ACTION ITEM — Report each line of the entries below that has the word "free" in it.

SUPPLIED INFORMATION —
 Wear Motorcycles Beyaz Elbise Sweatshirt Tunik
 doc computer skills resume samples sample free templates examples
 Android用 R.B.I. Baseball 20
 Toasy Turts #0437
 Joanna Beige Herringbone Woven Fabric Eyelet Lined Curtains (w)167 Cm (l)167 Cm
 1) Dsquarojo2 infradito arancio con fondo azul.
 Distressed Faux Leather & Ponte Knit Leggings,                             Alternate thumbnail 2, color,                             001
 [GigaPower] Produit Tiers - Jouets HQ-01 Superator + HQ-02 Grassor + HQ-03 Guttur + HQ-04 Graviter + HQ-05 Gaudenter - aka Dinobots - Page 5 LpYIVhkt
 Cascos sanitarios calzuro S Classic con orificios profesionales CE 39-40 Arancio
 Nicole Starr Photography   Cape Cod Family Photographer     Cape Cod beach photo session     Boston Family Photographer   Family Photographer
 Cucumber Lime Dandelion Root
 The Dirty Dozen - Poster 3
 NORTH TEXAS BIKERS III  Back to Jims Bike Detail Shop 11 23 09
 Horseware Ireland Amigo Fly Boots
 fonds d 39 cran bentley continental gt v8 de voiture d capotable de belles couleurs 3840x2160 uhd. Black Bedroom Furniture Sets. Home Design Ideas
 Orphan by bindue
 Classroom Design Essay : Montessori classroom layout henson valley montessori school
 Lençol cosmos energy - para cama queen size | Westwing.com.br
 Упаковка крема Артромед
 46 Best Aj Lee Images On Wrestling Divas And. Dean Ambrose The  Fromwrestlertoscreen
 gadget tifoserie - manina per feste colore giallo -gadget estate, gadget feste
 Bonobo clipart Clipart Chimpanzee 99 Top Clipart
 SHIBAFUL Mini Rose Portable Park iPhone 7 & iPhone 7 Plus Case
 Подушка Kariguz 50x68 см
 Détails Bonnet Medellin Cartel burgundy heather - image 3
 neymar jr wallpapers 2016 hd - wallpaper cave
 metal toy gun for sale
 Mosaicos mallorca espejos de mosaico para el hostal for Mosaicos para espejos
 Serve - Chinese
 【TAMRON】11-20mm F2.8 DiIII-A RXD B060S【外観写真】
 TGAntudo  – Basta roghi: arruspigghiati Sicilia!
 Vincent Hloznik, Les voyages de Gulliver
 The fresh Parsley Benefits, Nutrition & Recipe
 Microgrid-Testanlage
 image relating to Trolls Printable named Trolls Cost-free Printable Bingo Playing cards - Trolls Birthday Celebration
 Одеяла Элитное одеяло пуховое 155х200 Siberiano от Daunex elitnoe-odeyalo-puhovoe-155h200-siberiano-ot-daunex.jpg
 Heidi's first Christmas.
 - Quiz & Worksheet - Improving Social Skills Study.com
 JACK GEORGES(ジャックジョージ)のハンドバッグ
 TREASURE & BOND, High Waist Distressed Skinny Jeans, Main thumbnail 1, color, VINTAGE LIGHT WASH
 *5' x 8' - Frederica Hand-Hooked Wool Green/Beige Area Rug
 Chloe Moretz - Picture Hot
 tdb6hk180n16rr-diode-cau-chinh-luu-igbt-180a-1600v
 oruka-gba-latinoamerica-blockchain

ANSWER BOX —
 doc computer skills resume samples sample free templates examples
 image relating to Trolls Printable named Trolls Cost-free Printable Bingo Playing cards - Trolls Birthday Celebration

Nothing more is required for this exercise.